# Laser Measure?



## kimberland30 (Jan 22, 2008)

DH is looking for a laser tape measure and I'm not sure where to point him. We've tried the box stores and local home improvement places with no luck. I've looked online and the prices range from about $30 to over $400.

He works in flooring and does measurements all day. Having a laser measure would make his job so much faster, and I want to get him this as a "just because" gift. 

I don't want to spend a lot of money but I would like something that works, and something reliable.

Any recs?

Thanks!!


----------



## PaliBob (Jun 11, 2008)

The $300 Stabila is very hot now







http://www.amazon.com/Stabila-06150-Laser-Distance-Measurer/dp/B000OVA2VW

The $150 Stabila is a good value
http://www.amazon.com/Stabila-06300...ref=sr_1_1?ie=UTF8&s=hi&qid=1239632321&sr=8-1

Buying a Laser Distance tool is confusing now because of their advertising claims e.g. ft & inches is not as good as running inches IMO. If you want to be confused here is a thread over on JLC:
http://forums.jlconline.com/forums/showthread.php?t=47435


----------



## brokenknee (Dec 13, 2008)

Make sure you get a true laser measure; some say laser but that is just the pointer, they measure by ultra sonic waves. They are no way near as accurate as they can be effected by anything that may be in the way of the sound wave.

If all of his measuring is inside the Stanly fat-max should do the job, they range in price from $79 on sale to $99 regular price. They claim to be accurate within 1/4 of an inch with in 100 feet. I used one when I was a real estate appraiser. When I first started using it I would double check the measurements just to be sure (I was filling out legal documents).

The more expensive lasers have longer measuring capabilities and a brighter laser for outdoor measurement.

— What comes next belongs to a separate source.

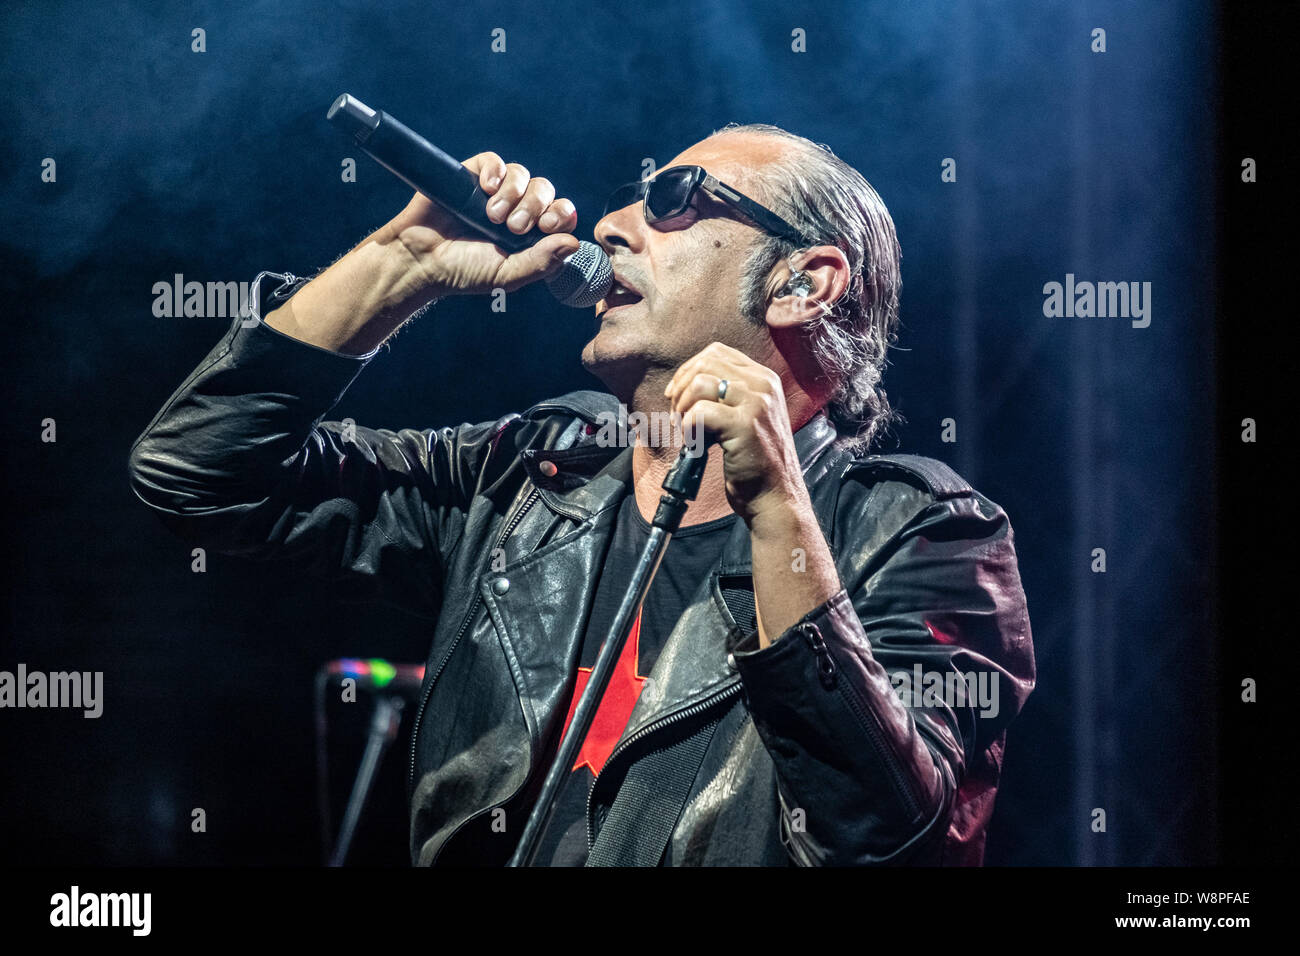 Italian singer and songwriter Luca Carboni, performs live on stage at Cantina dei Colli Ripani in Ripatransone during his “Sputnik Tour 2019”. Stock Photo

They may also have extra features: such as blue tooth, and functions to triangulate a measurement.


----------



## DangerMouse (Jul 17, 2008)

brokenknee is correct, i got a 'Strait-Line sonic laser tape' as a gift.... -=chuckle=- 
you pay shipping and it's yours.... 
they can't even spell 'straight' correctly....i still use a tape measure......

DM


----------